Em outro trecho, o representante do Ministério Público Federal citou o depoimento em que Léo Pinheiro relatou que Lula pediu à OAS que fizesse obras no sítio. O ex-presidente negou a acusação:

— Não é verdade. Lula também disse não se lembrar de qualquer conversa com o empresário sobre a necessidade de obras na cozinha e negou ter procurado Léo Pinheiro para tratar das obras mesmo depois que a imprensa publicou reportagens sobre as intervenções da OAS na propriedade.

— Eu já disse que nunca conversei com o Léo sobre dinheiro de reforma, porque eu partia do pressuposto de que o interessado era ele. Se não tivesse recebido, iria se queixar — disse o ex-presidente.

EMBATE COM JUÍZA

Lula disse que também não procurou Fernando Bittar ou os executivos da Odebrecht para obter informações depois de a imprensa ter tratado do assunto. — Eu repudio qualquer tentativa de qualquer pessoa dizer que foi feita uma obra para mim naquele sítio —afirmou o ex-presidente. Lula afirmou que nunca tratou sobre qualquer obra da Odebrecht na propriedade. Ele também negou ter conhecimento sobre as conversas relatadas por delatores da construtora com João Vaccari Neto, ex-tesoureiro do PT, e com o ex-ministro Antonio Palocci.

No início do depoimento, a juíza advertiu o ex-presidente, após uma pergunta de praxe, questionando- o se conhecia a acusação do processo. Lula negou e fez uma pergunta à magistrada:

— Eu sou dono do sítio ou não? Gabriela Hardt afirmou que o ex-presidente é quem deveria responder a pergunta, mas foi interrompida por Lula e reagiu.

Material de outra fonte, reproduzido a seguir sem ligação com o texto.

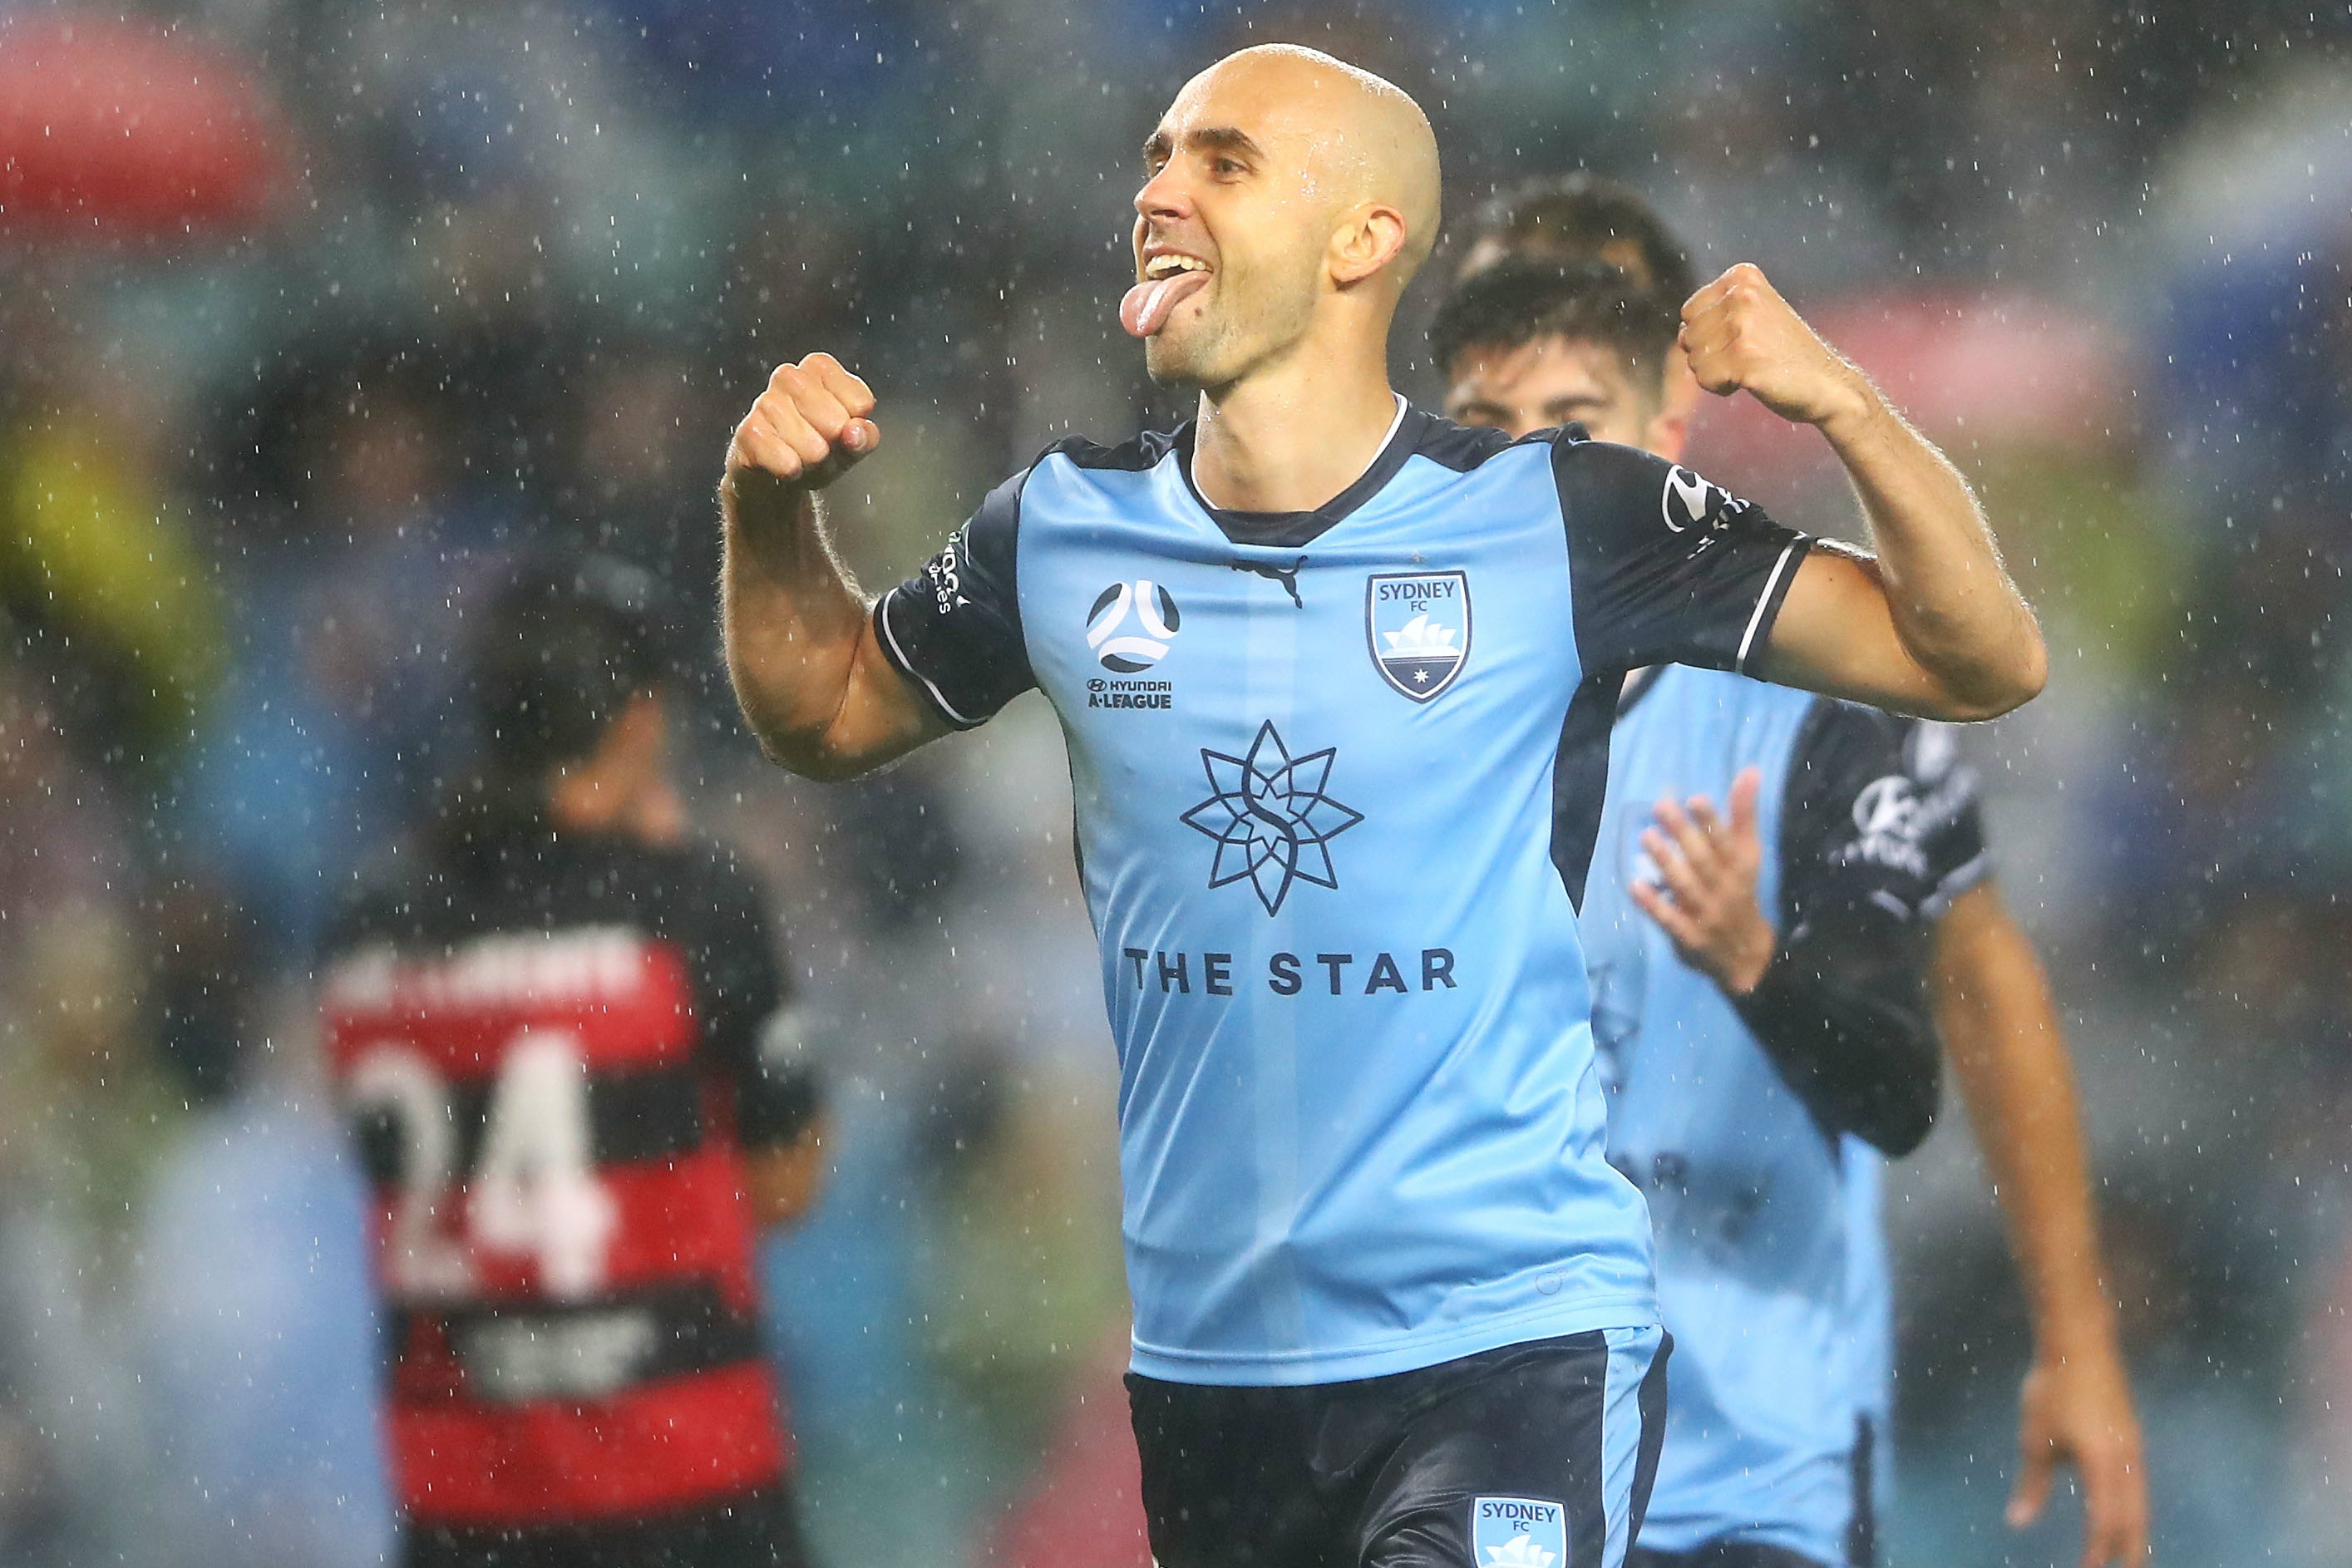 Derby 18: Despite going behind early, an Adrian Mierzejewski-inspired Sydney FC won 3-1 in the rain at Allianz Stadium.

— Senhor ex-presidente, esse é um interrogatório, e se o senhor começar nesse tom comigo a gente vai ter problema — disse a juíza.

‘NÃO VOU PERMITIR’

Houve um embate em outro momento, quando a magistrada repreendeu Lula após ele citar um power point apresentado pelos procuradores da força- tarefa da Lava-Jato em Curitiba. Lula disse que, se fosse presidente do PT na ocasião, teria pedido a todos os filiados que processassem o Ministério Público Federal.

— O senhor está intimidando a acusação assim, senhor presidente. Por favor, vamos mudar o tom. O senhor está instigando, e eu não vou permitir — disse Gabriela Hardt.